- _What this task involves_: In your copy, each line below is repeated exactly and no image appears.

*** Information shown

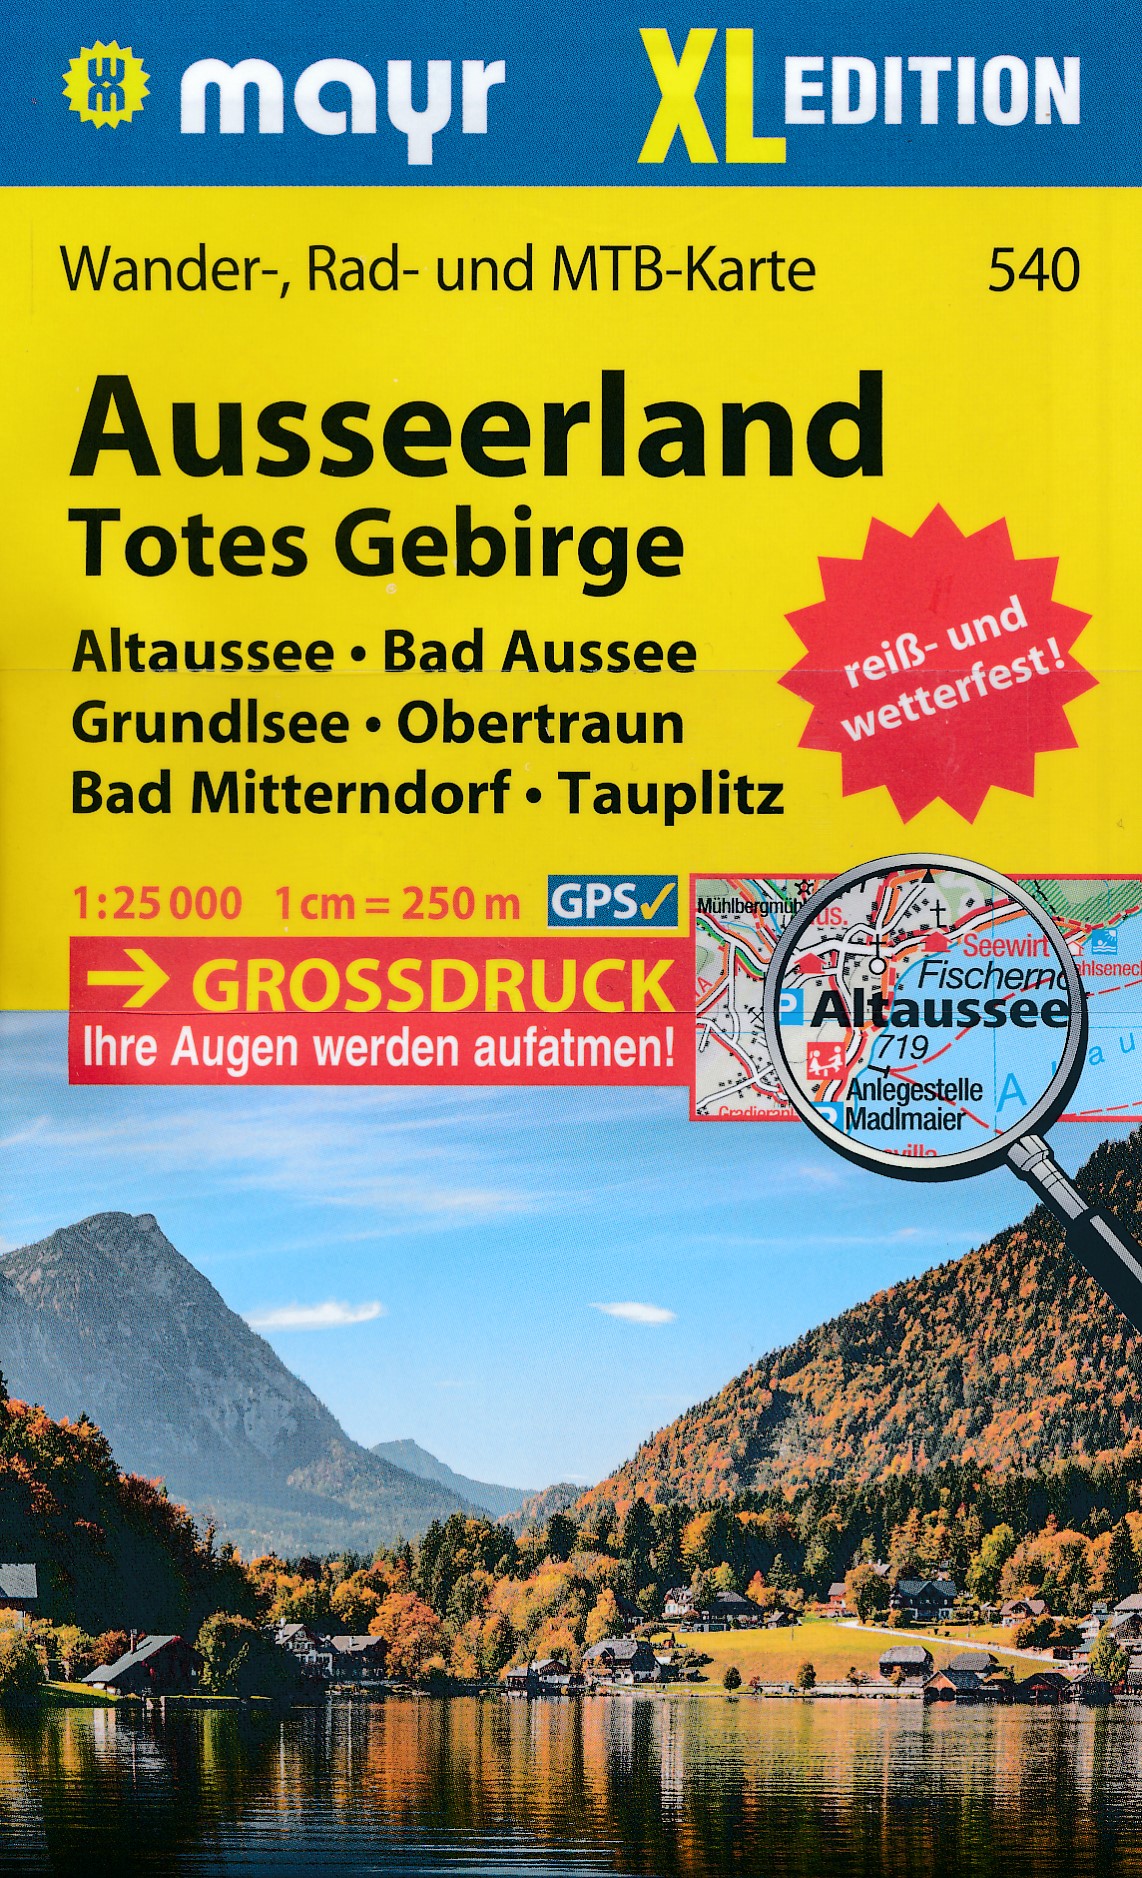 Online bestellen: Wandelkaart 540 XL Ausseerland - Totes Gebirge | Mayr
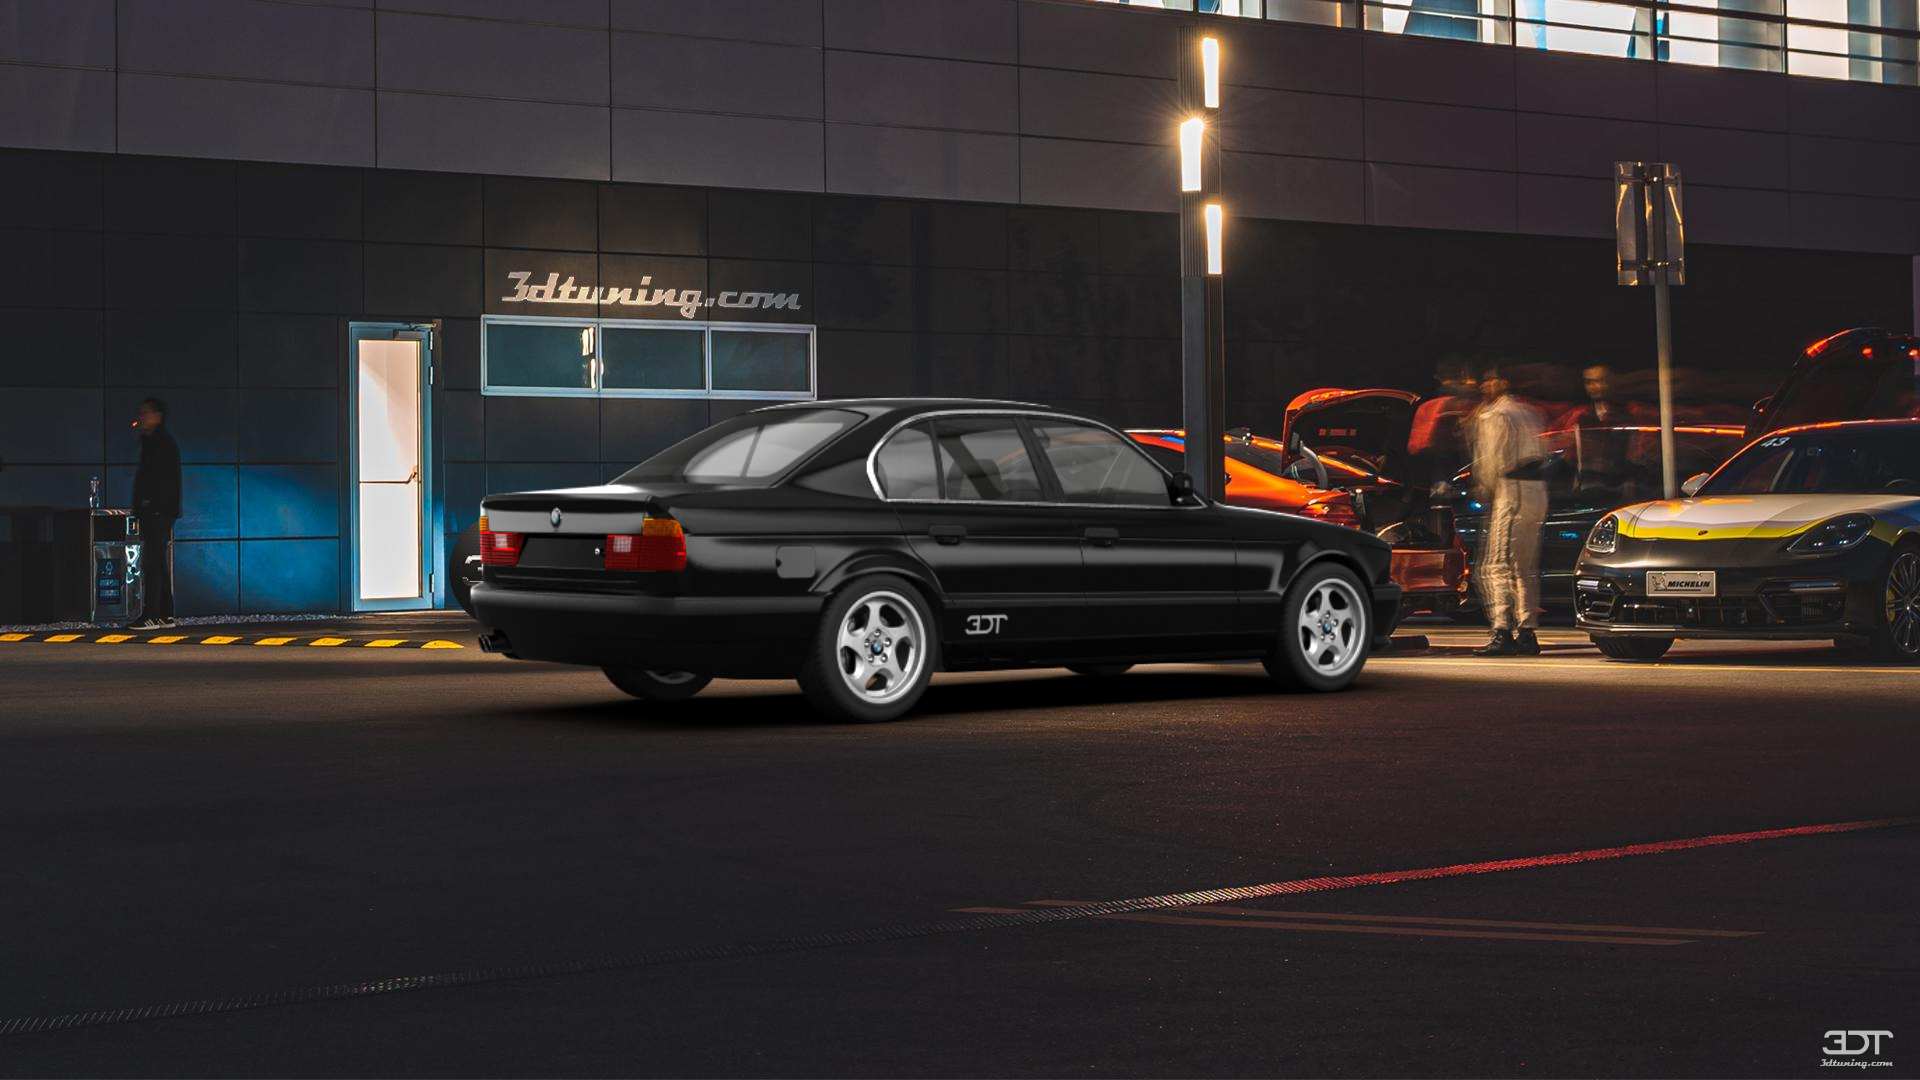 BMW 5 Series Sedan 1987 tuning
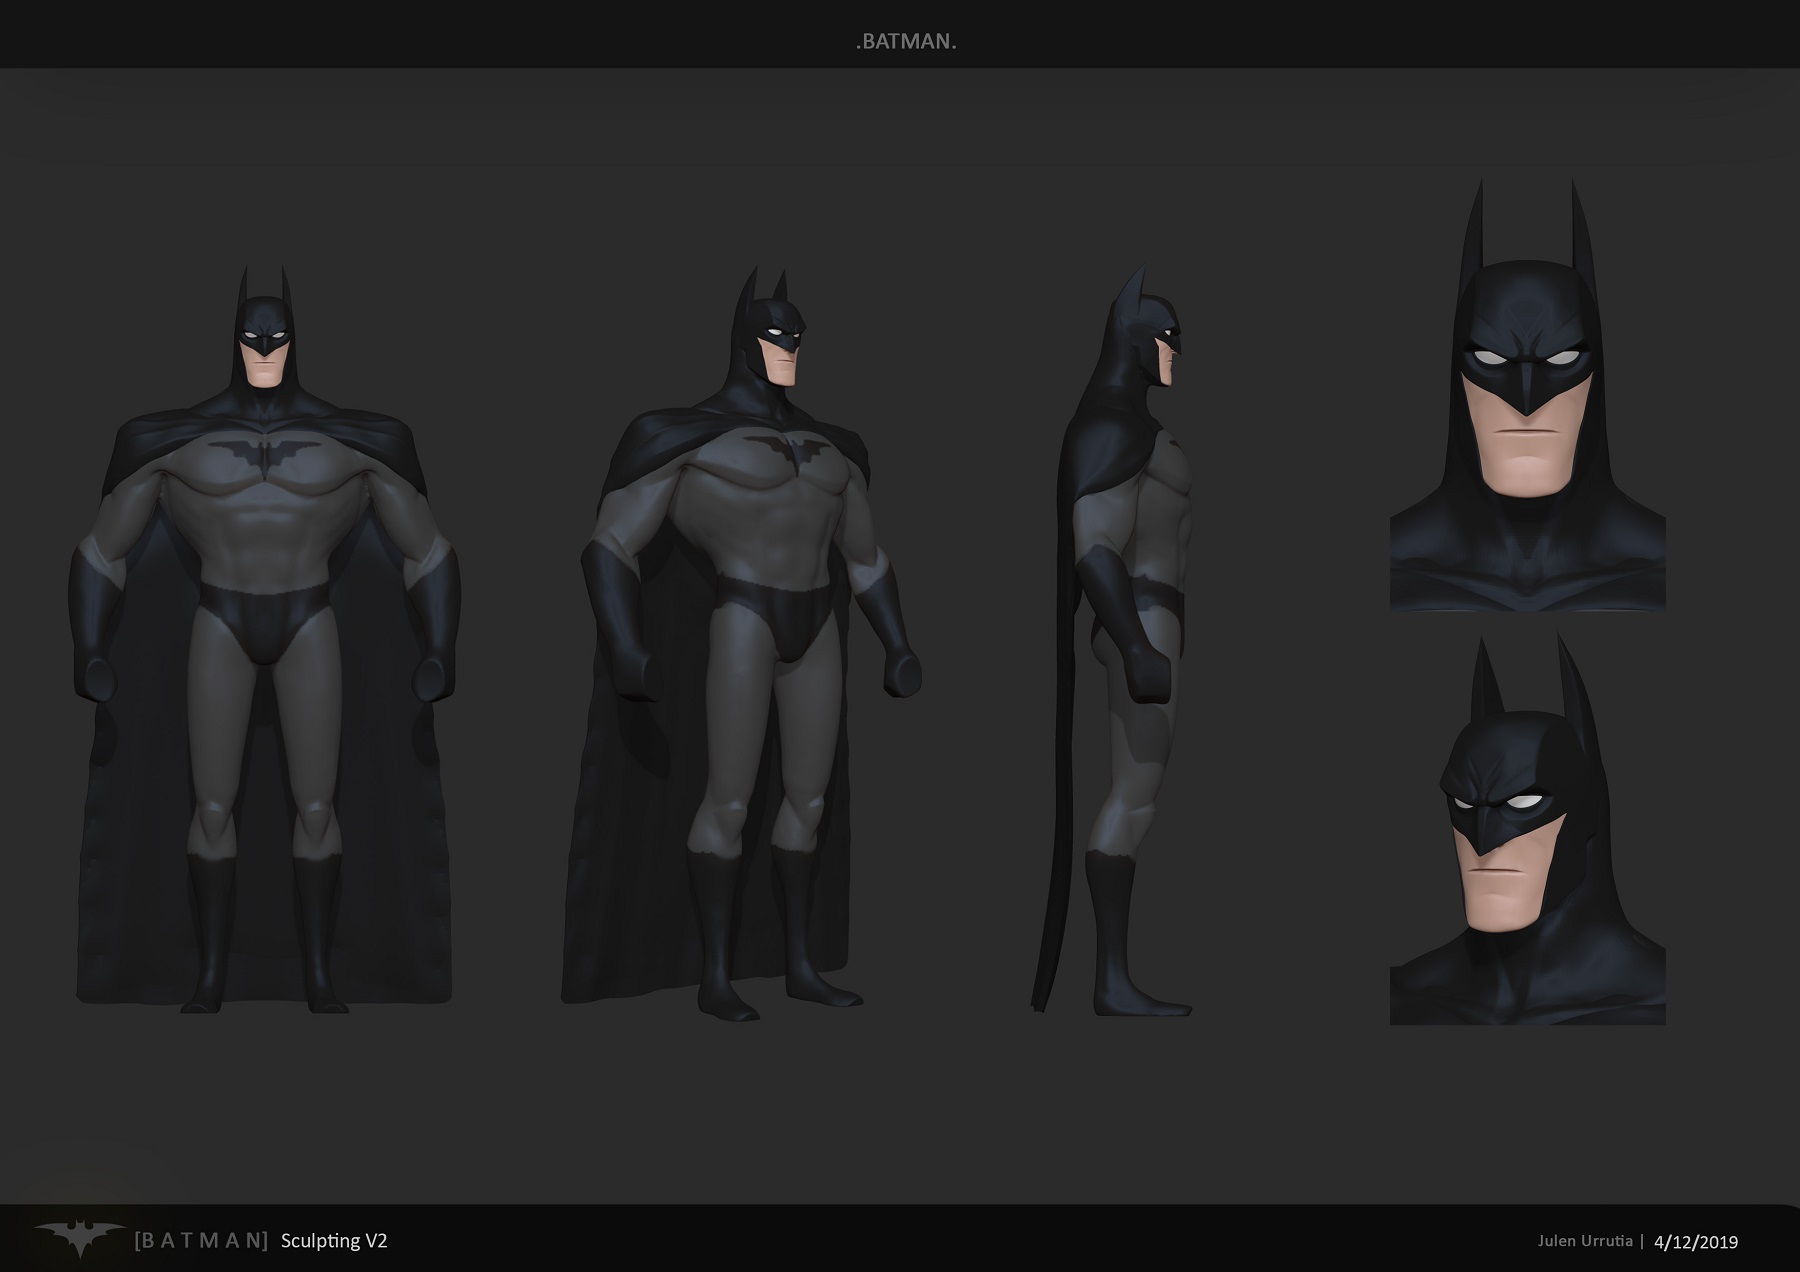 Julen Urrutia artista digital reimagina Batman atraves de computacao grafica 7

******

- _Exercise answer_:
 Online bestellen: Wandelkaart 540 XL Ausseerland - Totes Gebirge | Mayr
 BMW 5 Series Sedan 1987 tuning
 Julen Urrutia artista digital reimagina Batman atraves de computacao grafica 7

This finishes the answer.